Het bijenboek. Practisch handboek der bijenteelt

(1941)–Joh. A. Joustra–rechtenstatus Auteursrecht onbekend

Vorige Volgende
[pagina 251]
[p. 251]

Hoofdstuk VII.
Rasverbetering.

Wie zich bezig houdt met fokken van vee, honden, hoenders, konijnen enz., is er op uit, om de beste eigenschappen van zijn dieren dóór te fokken, zoals de vakterm luidt.

De veehouder legt zich toe op het fokken van jong vee, waarvan de ouders bekend staan door een melkopbrengst met hoog vetgehalte, of uitmunten in bouw, structuur e.d. De kynoloog let op mooie lijnen, goede beharing, en als het gaat om gebruikshonden, op goede jacht of speureigenschappen, enz.

De pluimveefokker op fraaie dieren en hoge eieropbrengst, terwijl de konijnenfokker weer zijn aandacht schenkt aan dichtbehaarde mooie pels, of mals vlees.

Zo heeft ieder zijn richtlijnen waarnaar hij fokken wil.

Tegenover sportfokkerij, staat de nutfokkerij.

Het is niet te ontkennen, dat ook de sportfokkerij zijn nut kan hebben.

Wie ziet b.v. niet gaarne een prachtig getekend konijn, mooie vogel, sierlijke Barsoi (Russische Windhond) en wie wordt niet bekoord door de aanblik van een mooie stal Lakenvolder rundvee?

In de latere jaren heeft - en terecht - de sportfokkerij meer en meer plaats moeten maken voor de nutfokkerij en is men o.a. gekomen tot een goede stapel gebruiksvee.

Ons Hollands rundvee is ver buiten de grenzen van ons land gewild om de hoge melkopbrengst, of melkopbrengst met hoog vetgehalte.

De Saanengeit vond in ons land grote verbreiding en voor veel geld werden Saanenbokken uit Zwitserland geïmporteerd.

De Duitse Herder vindt voor politiedoeleinden zijn weg

[pagina 252]
[p. 252]

en zo zouden wij kunnen doorgaan.

Hoe staat het in de bijenteelt met de rasverbetering? Willen we eerlijk zijn, dan moeten we bekennen, dat in ons land nog te weinig gedaan wordt, om ons ras, in welk opzicht dan ook, te verbeteren.

In andere landen, met name in Amerika, Zwitserland, Duitsland en Oostenrijk, staat de zaak enigszins anders en geen enkel van die landen heeft niet een of meer bekende ‘stammen’.

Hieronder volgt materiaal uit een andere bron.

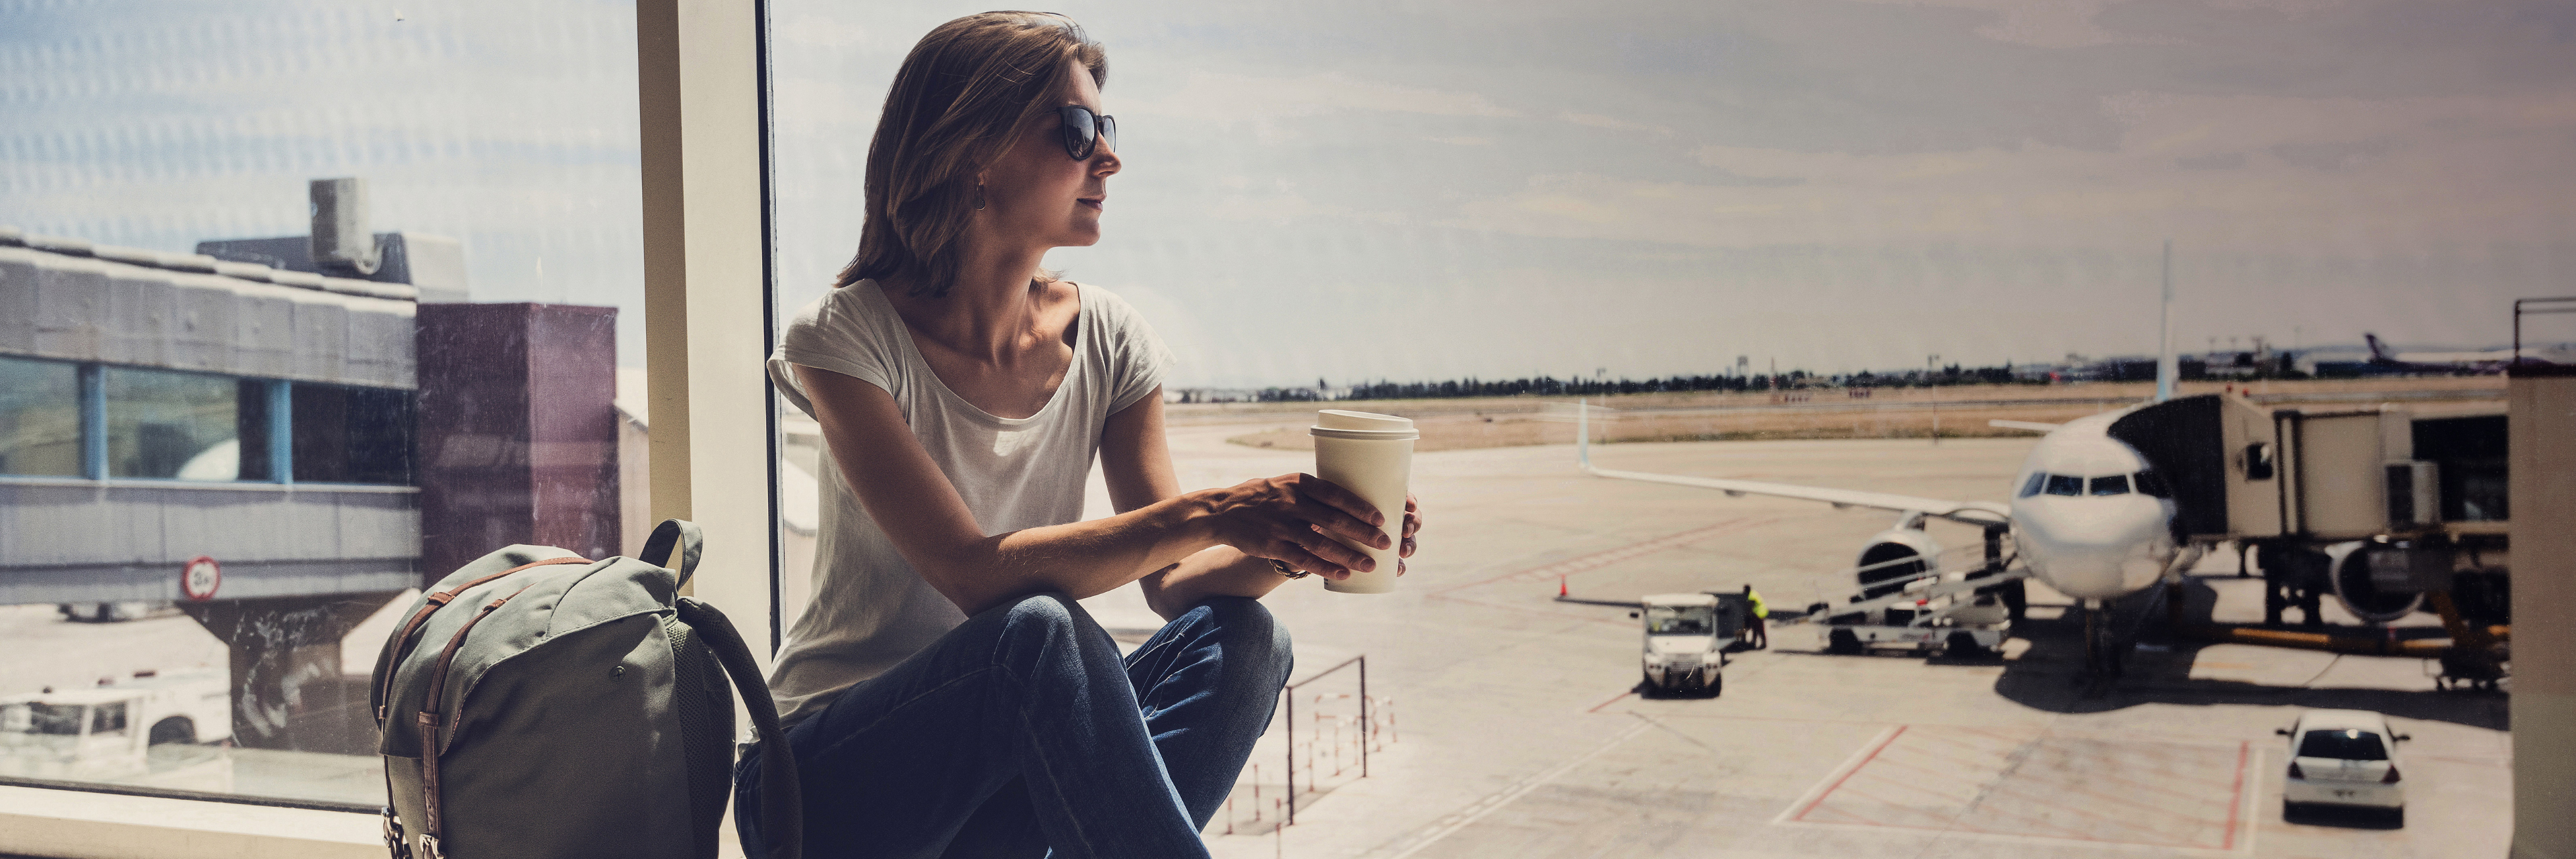 Een vrouw met rugzak drinkt koffie op het vliegveld

Nu is de verbetering van het bijenras een moeilijk werk, als men niet beschikt over een behoorlijk geïsoleerd bevruchtingsstation.

Immers, we weten allen, dat de bevruchting plaats vindt buiten de woning, misschien hoog in de lucht en wellicht ver van de stand.

Het is niet mogelijk, zoals bij het fokken van vee b.v. het moederdier te brengen bij het door ons gewenste vaderdier, of omgekeerd.

Alleen op goed geïsoleerde bevruchtingsstations is het mogelijk, om de moeren te doen bevruchten dooïr darren van een gewenste stam.

Wij kunnen de mogelijkheid van zgn. soortechte bevruchting op eigen stand wel zoveel mogelijk nabij komen, maar het blijft toch altijd lapwerk.

Toch zal men er veel toe kunnen bijdragen, dat de volken met slechte hoedanigheden hoe langer hoe meer van eigen stand gaan verdwijnen, om plaats te maken voor beproefde stammen.

Vaak door onkunde, gemis aan inzicht, of ook uit traditie - vader deed het zo, grootvader ook en ik zal het niet anders doen - wordt het bijenras verslechterd.

Ik noem U b.v. den korfimker, die zijn beste, honingrijkste stokken afslacht en de minder zware opzet, daartoe door de goedkope accijnsvrije suiker in staat gesteld.

Weliswaar kùnnen er onder deze volken ook zijn met goede eigenschappen, maar het doden van volken - lees moeren - welke bewezen hebben goede honingvolken te zijn en het overwinteren van dezulken waarvan men dit slechts hoopt, is wel een bewijs, dat men de noodzakelijk-

[pagina 253]
[p. 253]

heid van bewuste rasverbetering nog niet voldoende inziet. Een goed volk kent men aan een goede broedstand, d.w.z. aaneengesloten broed, flinke honinggordel, mooie ratenbouw, zachtmoedigheid en verzamelijver.

Men kan nog meer goede eigenschappen wensen, doch de bovenstaande zijn voldoende.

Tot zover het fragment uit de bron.